Mortality inequalities across the ditch: what has changed in a generation? — ASN Events

Mortality inequalities across the ditch: what has changed in a generation? (16750)

Malcolm Campbell 1 , Christopher Bowie 1 , Simon Kingham 1 , John McCarthy 1
  1. University of Canterbury, Christchurch, New Zealand

The determinants of health and mortality inequalities in New Zealand and Australia have been subjected to research, with the influence of a range of socio-economic and demographic influences (deprivation, social class, ethnicity) receiving notable attention. Both countries are considered privileged, positioned amongst the world leaders in rankings of mortality and life expectancy. This paper reports on observed rates of mortality and views how the countries have fared over time with respect to one another.

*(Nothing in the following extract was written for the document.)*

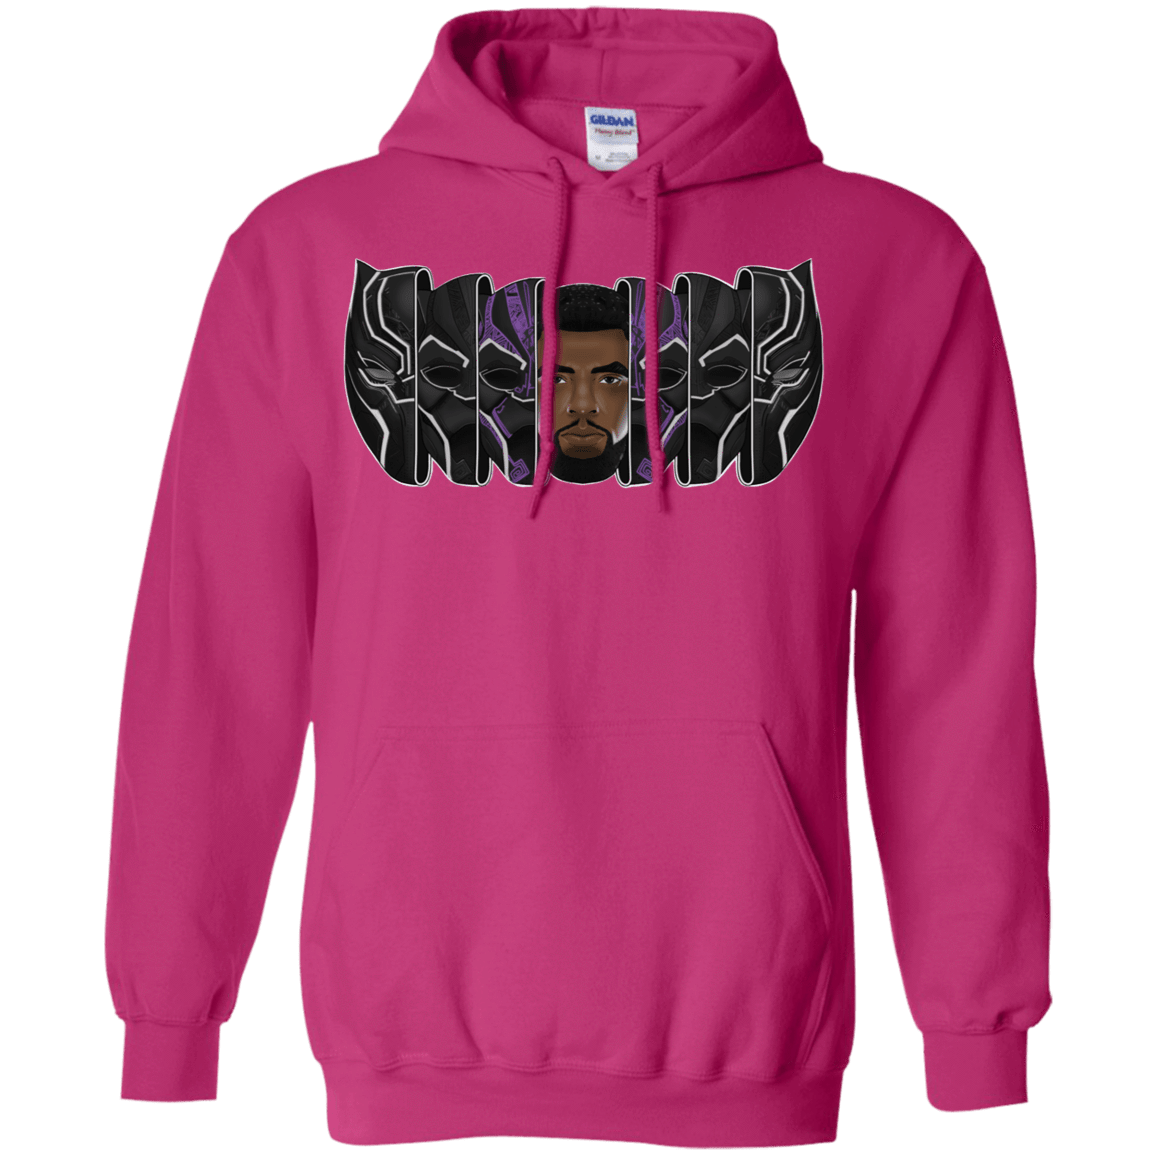 Sweatshirts Heliconia / S Black Panther Mask Pullover Hoodie

This study derives comparable rates of mortality for both New Zealand and Australia, disaggregated by age and sex for the time period 1948-2008. The age-standardised rates are visualised using the Lexis mapping software program, showing the relative differences between the countries over time whilst simultaneously highlighting age, period and cohort effects.


Relative to Australia, New Zealand had advantageous rates of mortality across almost all age groups between the years 1948 and 1980 (approximately). For both sexes, a reversal of fortunes in New Zealand has followed relative to Australia. For example, for younger males in New Zealand, the reversal is apparent. Over the period observed males aged 10-20 in New Zealand have moved from an advantageous position of having a mortality rate 20% lower than Australia to a relative position of 50% higher.


The social and economic forces in both New Zealand and Australia which may have driven the divergence require further scrutiny. It could be argued, that one key element changing relative mortality fortunes are processes of selective migration and the large-scale population movements between the two countries as well as broader economic factors. These findings have important implications for policy formation and service planning, if the inequality in mortality is to be addressed.